Am Mittwoch, 14. März, hält die Primarschulgemeinde eine ausserordentliche Versammlung ab, an welcher die Stimmberechtigten über den überarbeiteten Voranschlag befinden werden. Wie Schulpflegepräsident Marco Lobsiger auf Anfrage erklärte, komme die Behörde mit dem Notbudget, das nur unerlässliche Ausgaben zulässt, gut über die Runden. «Da wir wahrscheinlich schon ab Mitte März über ein ordentliches Budget verfügen werden, mussten wir keine grösseren Abstriche machen, sondern lediglich einige Ausgaben aufschieben.»

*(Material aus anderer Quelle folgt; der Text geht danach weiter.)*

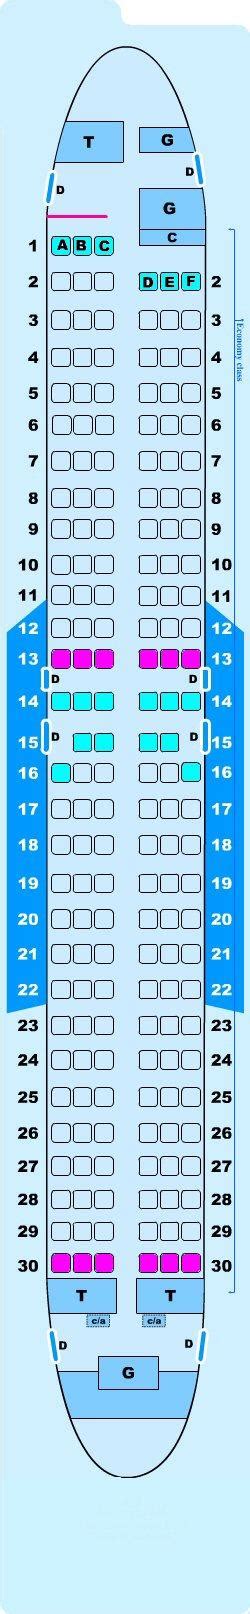 B737 800 seat map. Malaysia Airlines operates two versions of the Boeing 737-800: one version with 150 Economy Class seats and a second version with 144 Economy Class seats. This version operates on short-haul flights with 16 seats of Business Class and 150 seats of Economy Class. Business Class: Meal tray table conveniently stowed in the armrest. Cocktail tables ...

Steuerfuss soll stärker steigen

Kurz nach der Jahresendversammlung setzte sich die Primarschulpflege mit der Rechnungsprüfungskommission zusammen, um die beanstandeten Budgetposten zu bereinigen. Nun liegt der neue Voranschlag vor. Er kann ab Mittwoch von der Website der Schule heruntergeladen werden.

War in der ersten Budgetfassung noch eine Steuerfusserhöhung von 5 Punkten auf 52 Prozent vorgesehen, so beantragt die Schulpflege diesmal sogar eine Erhöhung um 7 Punkte auf 54 Prozent.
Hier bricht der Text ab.